------ Records provided

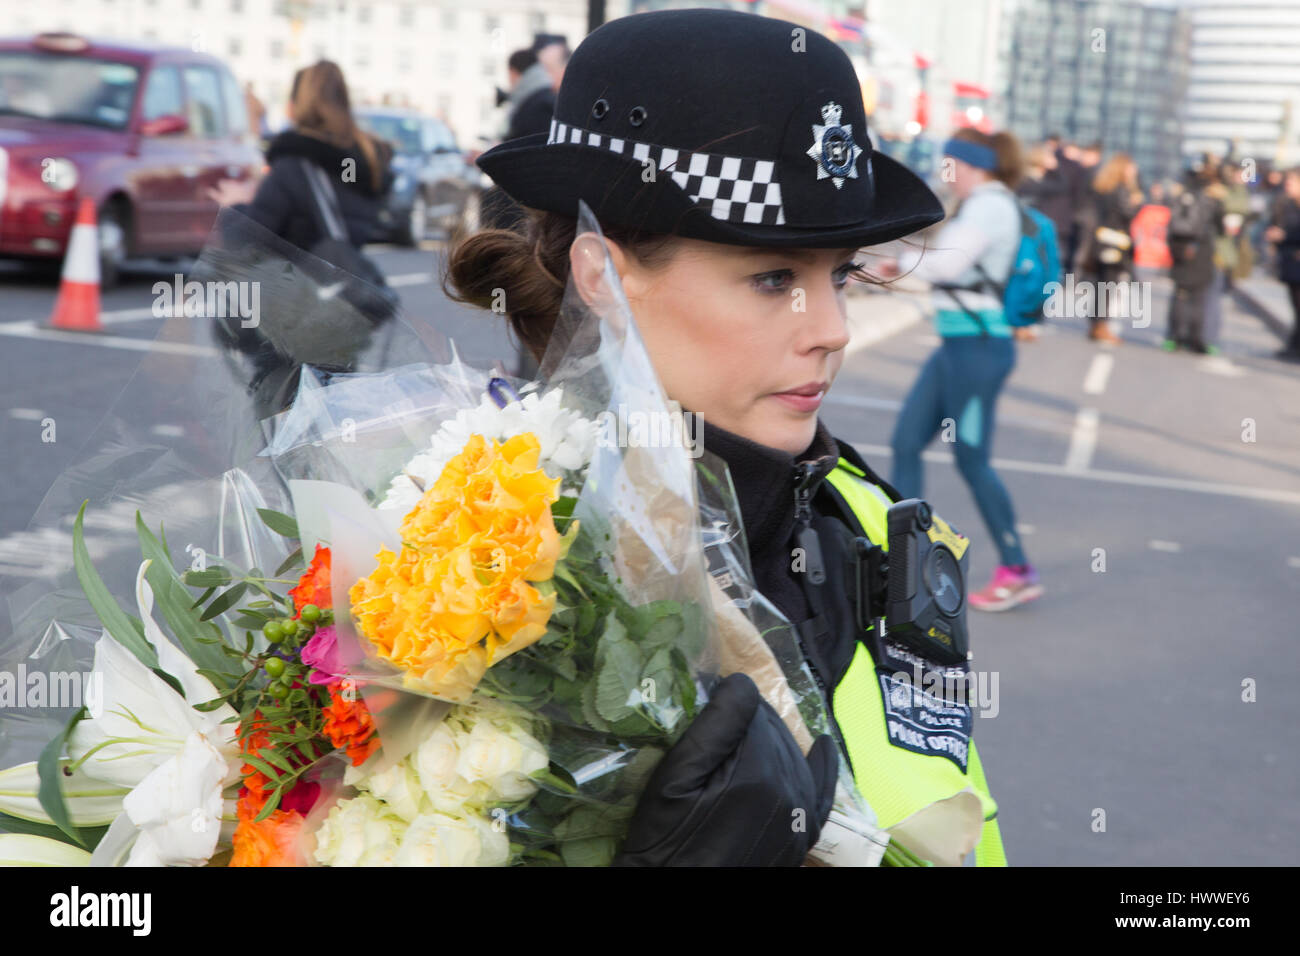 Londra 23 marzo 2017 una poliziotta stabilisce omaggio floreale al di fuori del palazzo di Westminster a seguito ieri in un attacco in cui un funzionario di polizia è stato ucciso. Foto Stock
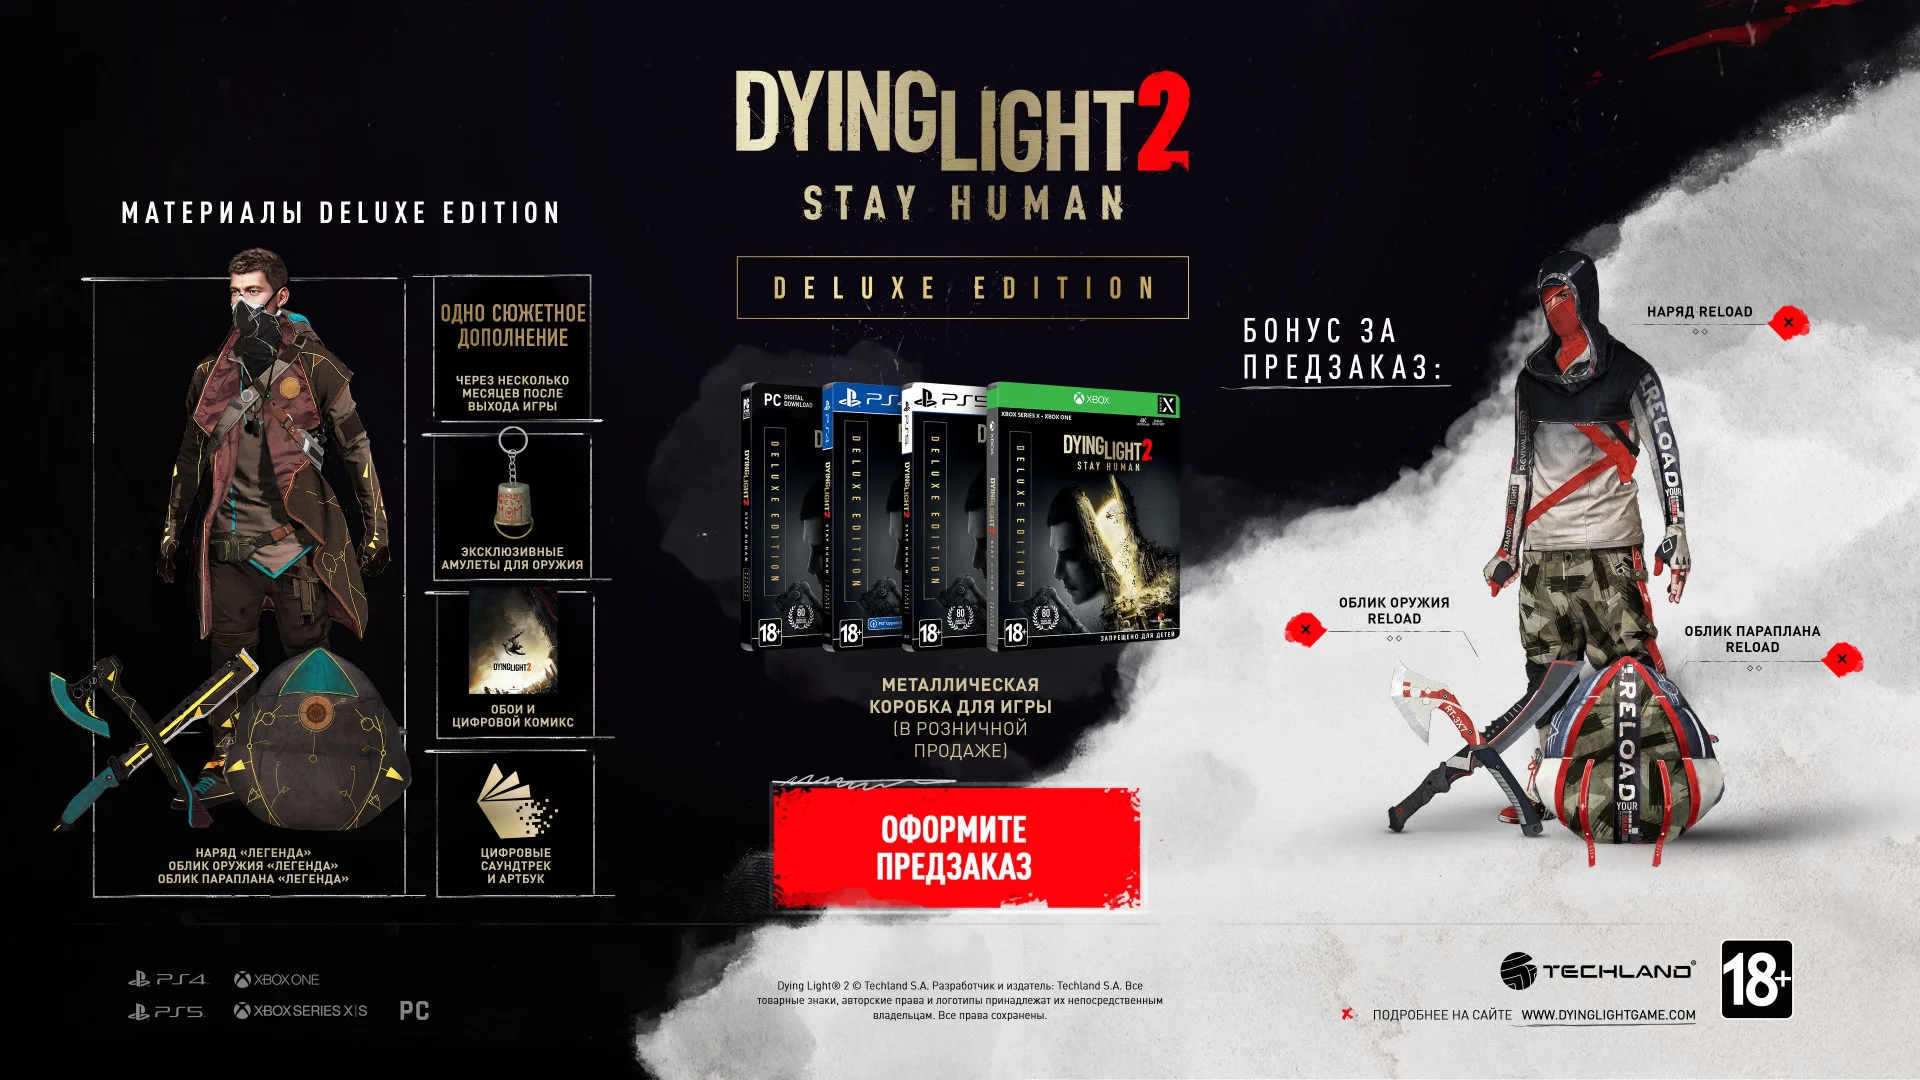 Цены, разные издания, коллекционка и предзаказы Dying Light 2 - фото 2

------------
------ Records provided

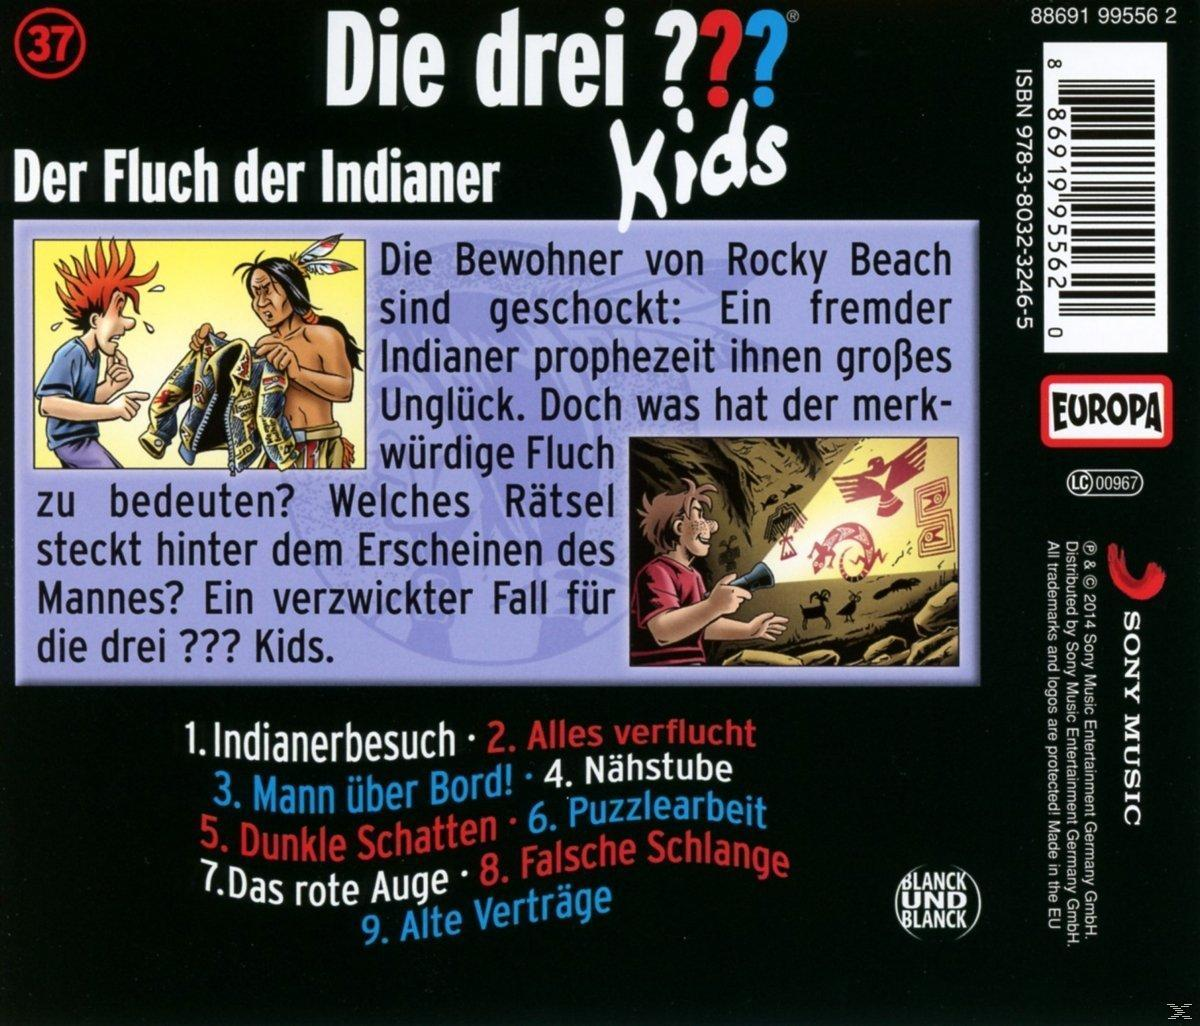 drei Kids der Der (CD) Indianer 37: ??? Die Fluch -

------------

To do: In the entries above, find the line with "Londra 23 marzo" and the line with "Цены, разные издания, коллекционка". Return exactly those lines and all the ones between them, pictures excluded.

Output:
 Londra 23 marzo 2017 una poliziotta stabilisce omaggio floreale al di fuori del palazzo di Westminster a seguito ieri in un attacco in cui un funzionario di polizia è stato ucciso. Foto Stock
 Цены, разные издания, коллекционка и предзаказы Dying Light 2 - фото 2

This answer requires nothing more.